You can "like" Norovirus on the NHS website: a FB Like Button Fail


The NHS have made unfortunate use of the Facebook Like button, by putting it on their disease profile pages. That means that you can officially “like” the norovirus.. and 89 people have. See above.

Facebook have been pushing out the like button to webmasters around the world – encouraging everyone from online retailers to bloggers to use the like button as a way to bring their webpages to wide audiences on the social network.

Like is a fine word for social chit-chat – you can like your friend’s comment about Saturday night – but something more neutral like “share” or “recommend” is needed for more serious stories. Or other pages where it’s inappropriate to express “like”. You can customise the word expressed in the Facebook widget though the little thumbs-up icon remains the same. All buttons now perform the same function of posting a link complete with a thumbnail picture to the user’s homepage.

You could argue that the 89 people who clicked “like” on the NHS Norovirus page are actually liking the advice given rather than the virus itself. But that’s not what it looks like… It just looks like they’ve liked the seasonal vomiting bug.

There’s a similar problem with news stories – which are predominantly negative – earthquakes and wars and so on. “Like” just isn’t the right word to express interest in the story.

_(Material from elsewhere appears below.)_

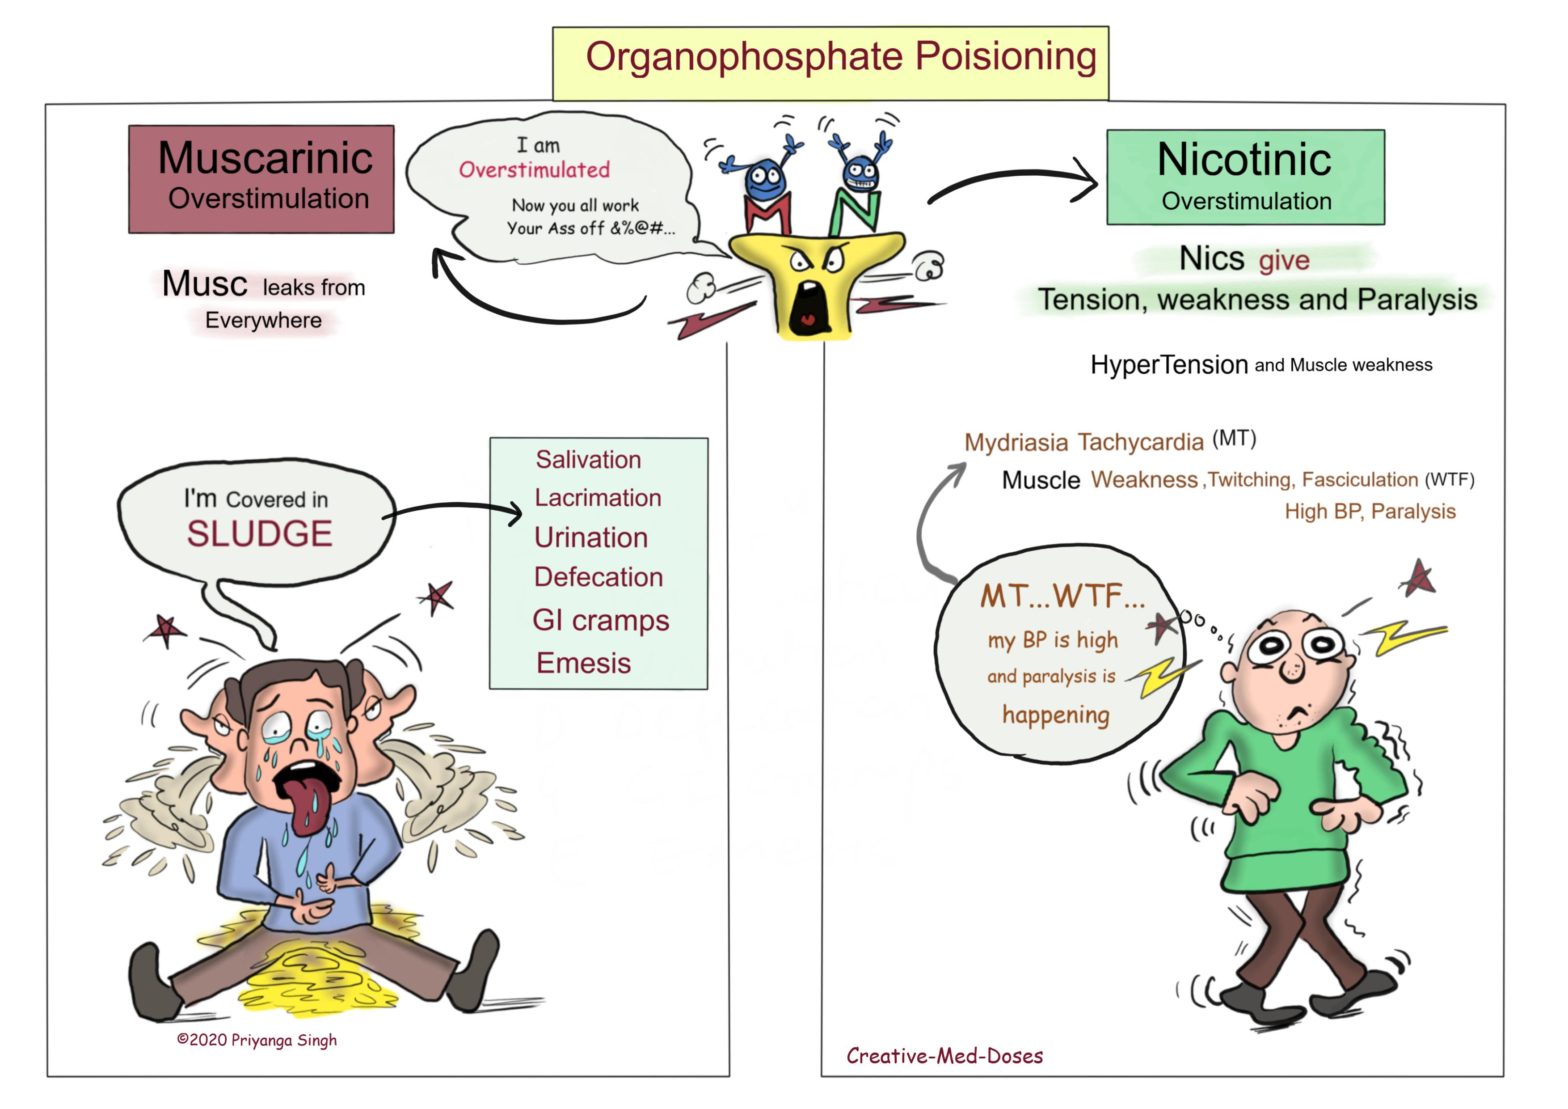 atropine antidote for organophosphate poisoning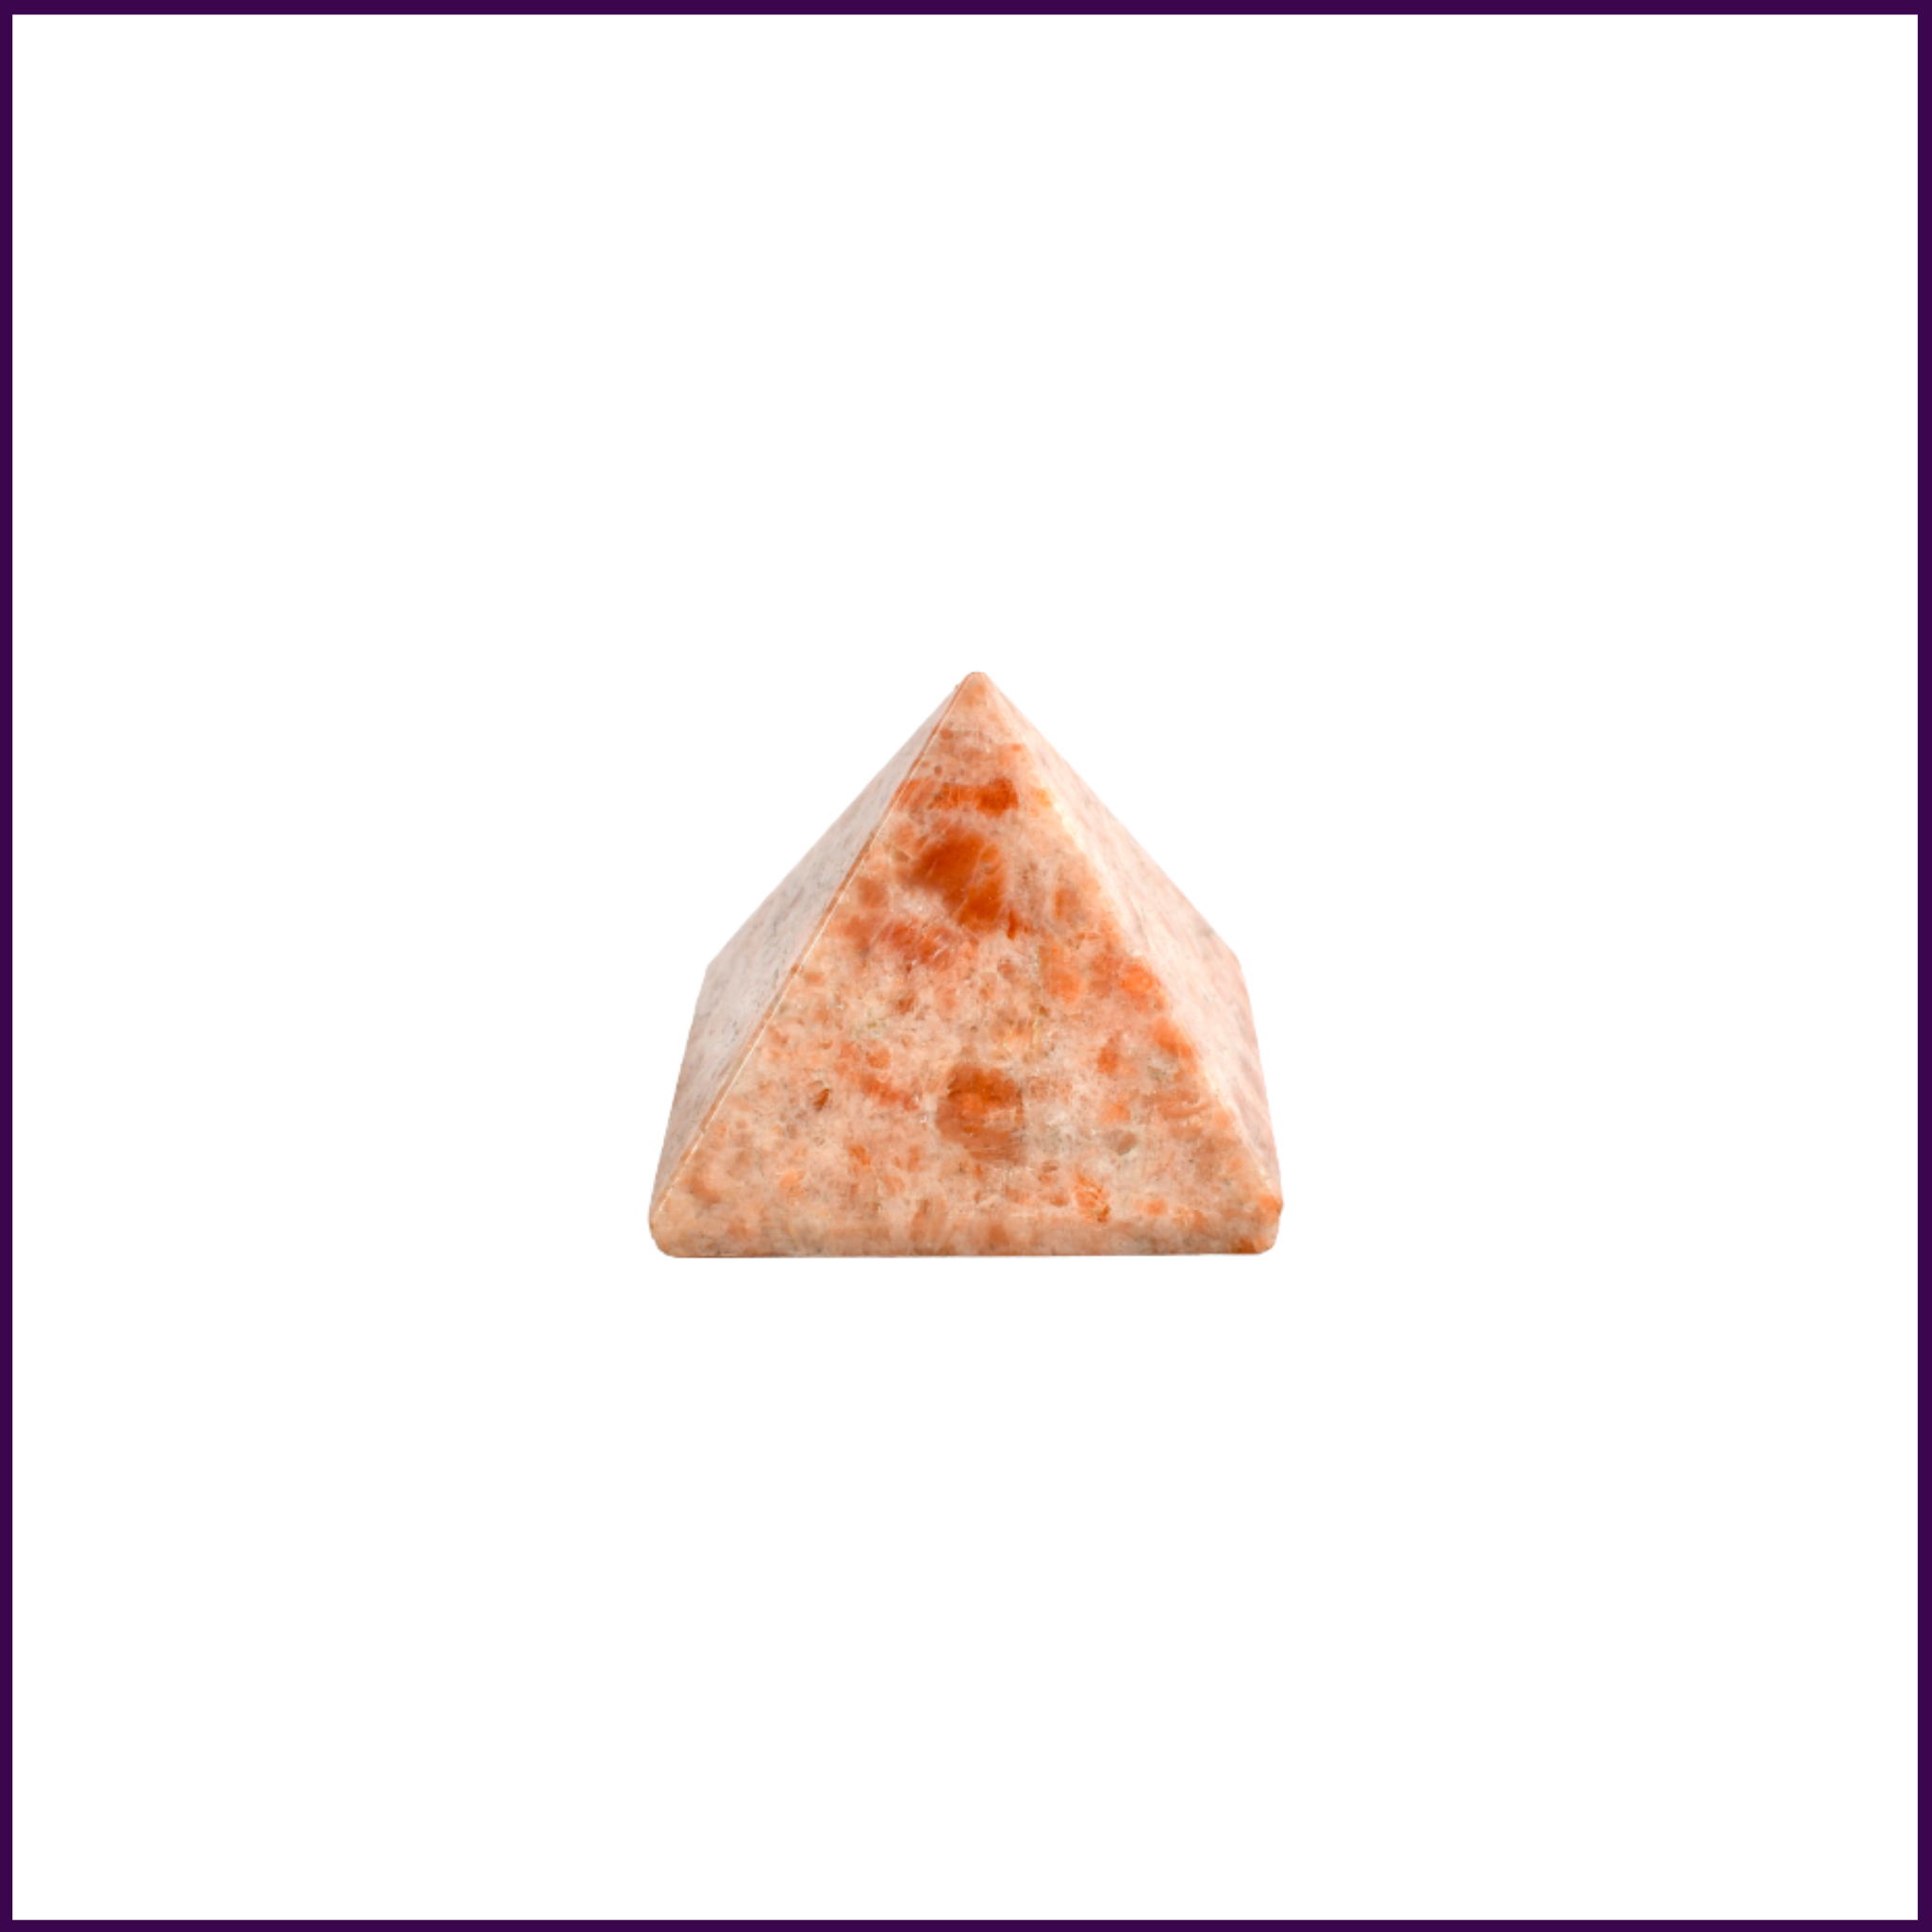 Career Development Kit - 2 Pyramid Meditation Head Caps + 1 Sunstone Crystal Pyramid (2inch) For Career Development - 0

Spotted any other inappropriate uses of “like”?

Anna Leach


  • sounds like many people failed the “guess the intention” test. whoever assumes that folks sharing this article by means of a like button click are literally saying they “like” the virus should go retake Context 101.

  • How unfortunate indeed, maybe the clicker’s intention was to say that they’re thankful that the website owner published that information for awareness, however, it gave a wrong information that they actually loved or liked the underlying problem. Maybe instead of “Like” button, it should have been any other relevant button.